Investors can approach the energy market in several ways, depending on their goals, risk tolerance, and time horizon. A portfolio might include oil and gas producers such as BP (BP), renewables companies like First Solar (FSLR), or nuclear utilities such as Constellation Energy (CEG).

To diversify within the sector, some investors use exchange-traded funds (ETFs) that group related stocks under a single ticker. For example, the Energy Select Sector SPDR ETF (XLE) focuses on oil and gas producers, while the Global X Solar ETF (RAYS) includes solar equipment manufacturers like Enphase Energy (ENPH).

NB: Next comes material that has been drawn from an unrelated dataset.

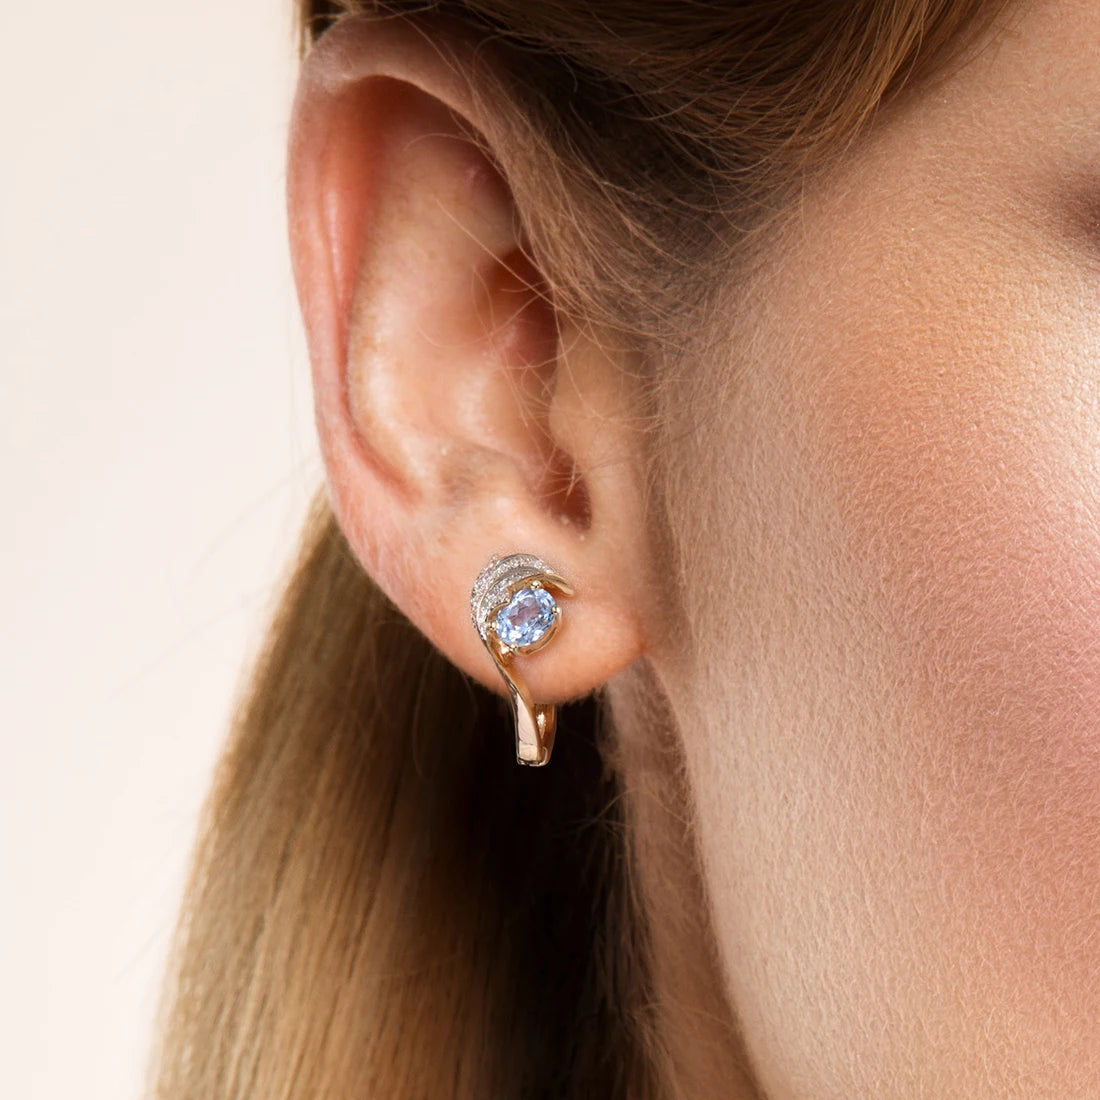 VISTOSO Gold Earrings For Women 14K 585 Rose Gold Glamorous Shiny Sky Blue Topaz Sparkling Diamond Luxury Trendy Fine Jewelry
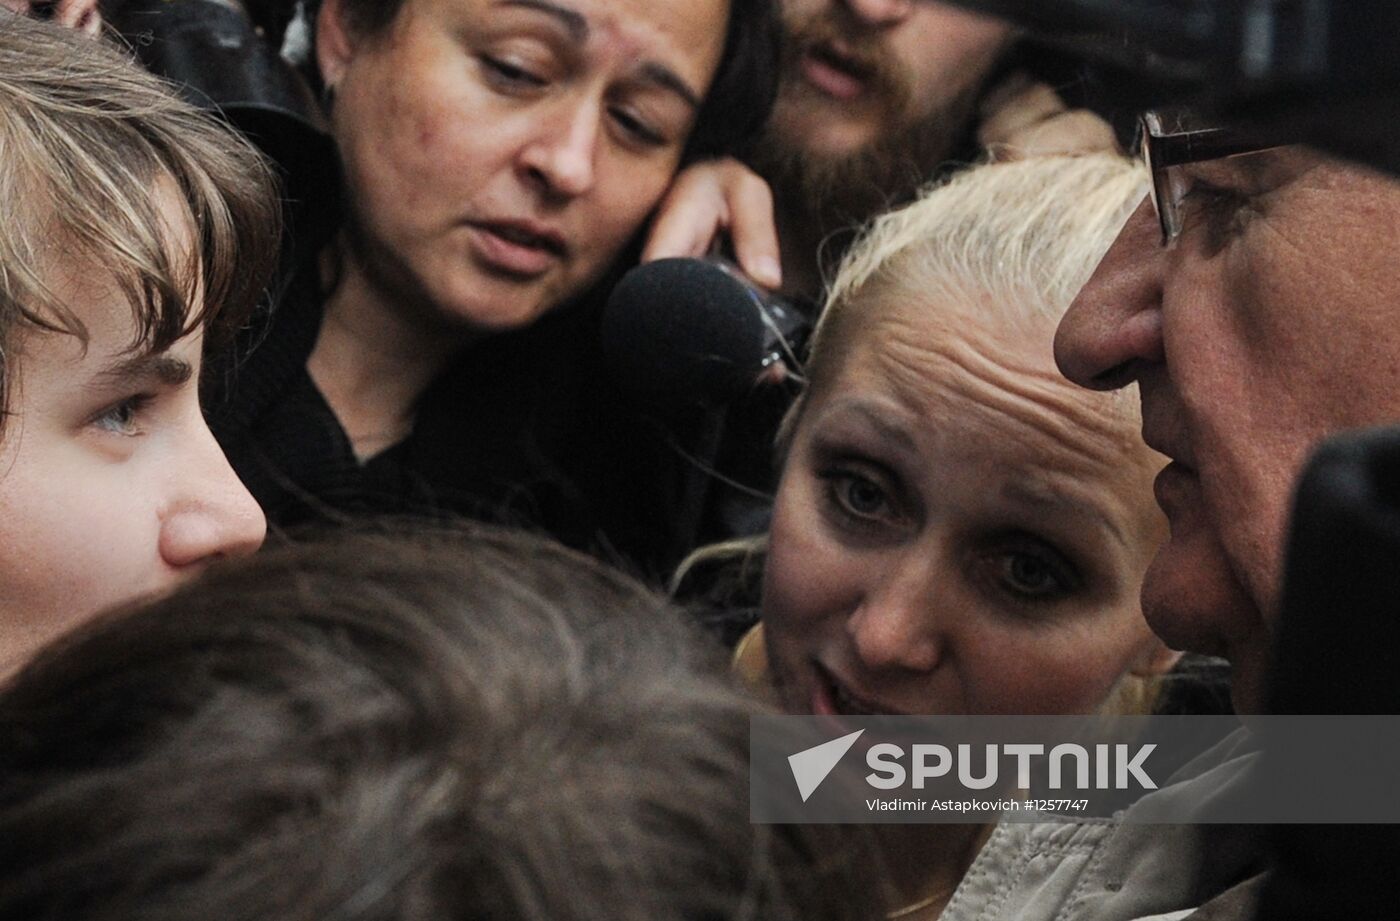 Pussy Riot punk group member Yekaterina Samutsevich freed

For more direct exposure to commodity prices, oil and gas futures are another option. Funds such as the United States Oil Fund (USO) offer a way to participate in this part of the market without trading futures contracts directly.

The bottom line

The energy sector gives you a wide range of ways to invest, whether you’re interested in fossil fuel producers, renewables, utilities, or a mix of all three. As the market continues to change, you can build a portfolio that balances the stability of established companies with the growth potential of those contributing to the shift toward lower-carbon energy. And you don’t have to pick a single winner. ETFs and mutual funds provide exposure to different parts of the sector without putting all your money into one company or technology.

Specific companies and funds are mentioned in this article for educational purposes only and not as an endorsement.